The Fighter seems to have been mostly set in Playtest 7. Most of the features described carry over from there, though Brawler has gone and is replaced by Psi Warrior form Tasha's.
  • Ranger and Fighter have the most new features.
  • Subclasses provide "different levels of mechanical idiosyncracy".
  • Weapon mastery (level1), tactical mind (2), tactical shift (5), studied attacks (13) -- all of these are as in PT7.
  • second wind -- increased number of uses (as PT7)
  • NEW: Level 9: Tactical master is like mastery of Armaments, but limited to push. sap, and slow. These properties are now always in the fighter's pocket, regardless of the weapon used. These properties add to Battle Master abilities.
  • Fighting Styles: new options available: Blindfighting, Interception, Thrown Weapons, and Unarmed fighting (from Tasha's). (YAY for thrown weapons and unarmed fighting!). Protection style "improved".
  • NEW: You can change your fighting style when you level up.
  • NEW: All classes now get an Epic Boon at level 19, replacing the ASI.


SUBCLASSES

Battle Master:
  • they considered making the maneuvers the core of the fighter, but that would undermine the goal of different playstyles for each subclass.
  • ambush, bait and switch, commanding presence, and tactical presence all brought over from Tasha's (as PT7)
  • Student of War also gives you a skill proficiency (as PT7)
  • Know your enemy has "limited number of uses per day" (PT7 had one, IIRC)
Champion:
  • same core identity, focusing on crits.
  • Remarkable Athlete: NEW. When you score a crit, you can move without receiving opportunity attacks.
  • Remarkable Athlete: advantage on initiative and athletics (as PT7). This works with the new surprise rules, which give you an edge but "defang" the one-sidedness of surprise.
  • Additional fighting style at 7, Heroic Warrior at 10, Survivor at 18 (as PT7).
Eldritch Knight:
  • for players who played OD&D when Elf was a class...
  • with the Psi Warrior are for people who want Fighter and X (mixed).
  • no school restrictions (also for Arcane Trickster)
  • NEW: you can now use an arcane focus.
  • War Magic and Improved War Magic: as in PT7, but at level 18 you can replace two attacks with spells up to level 2 (I think this is new).
Psi Warrior:
  • changes from Tasha: changes are primarily in rewording.

NEW RULES
Epic Boon:
  • you may choose a non-epic boon feat. They include an ASI that can go past 20, and include abilities go beyond what feats normally do.
  • Example: Boon of Combat Prowess.
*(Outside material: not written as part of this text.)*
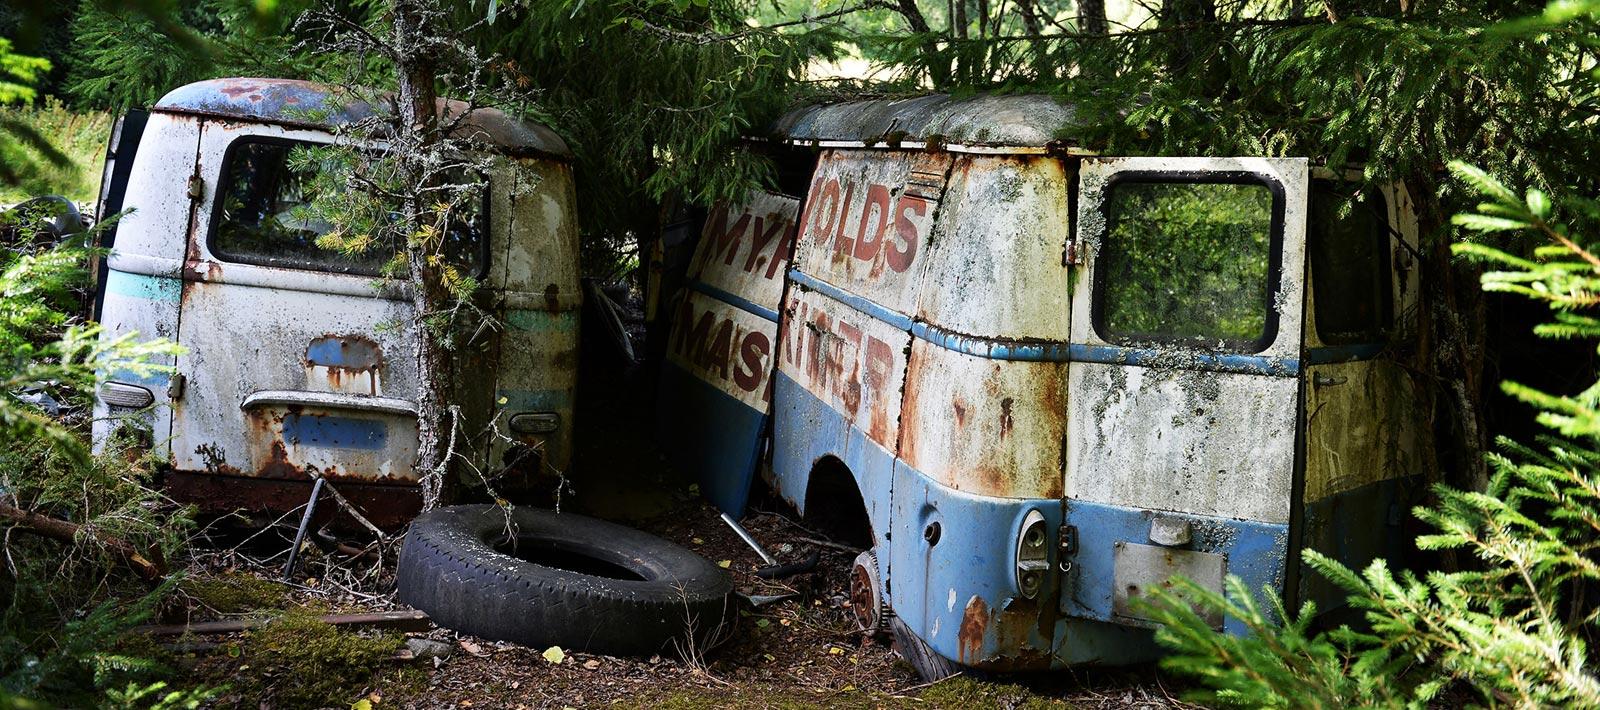 Enomis Fotografi - Rostig bil 2 - Toppbild

Once per TURN, you can turn a miss to a hit. Another example: You have Truesight. Another example: when you attack or take the magic action, you also teleport.
  • The PHB now has rules to go beyond level 20. Every time you hit some XP threshold, you can choose another Epic Boon (which could take one of your scores to level 30).
Other NEW rules clarifications:
  • Heroic Inspiration which lets you re-roll any one die (may be one damage die, but not all damage dice).
  • Surprise now gives you disadvantage on your initiative. (Champion, Assassin, and Barbarian are hard to surprise -- they won't have disadvantage on init).
  • No school restrictions for Arcane Trickster or Eldrtich Knight.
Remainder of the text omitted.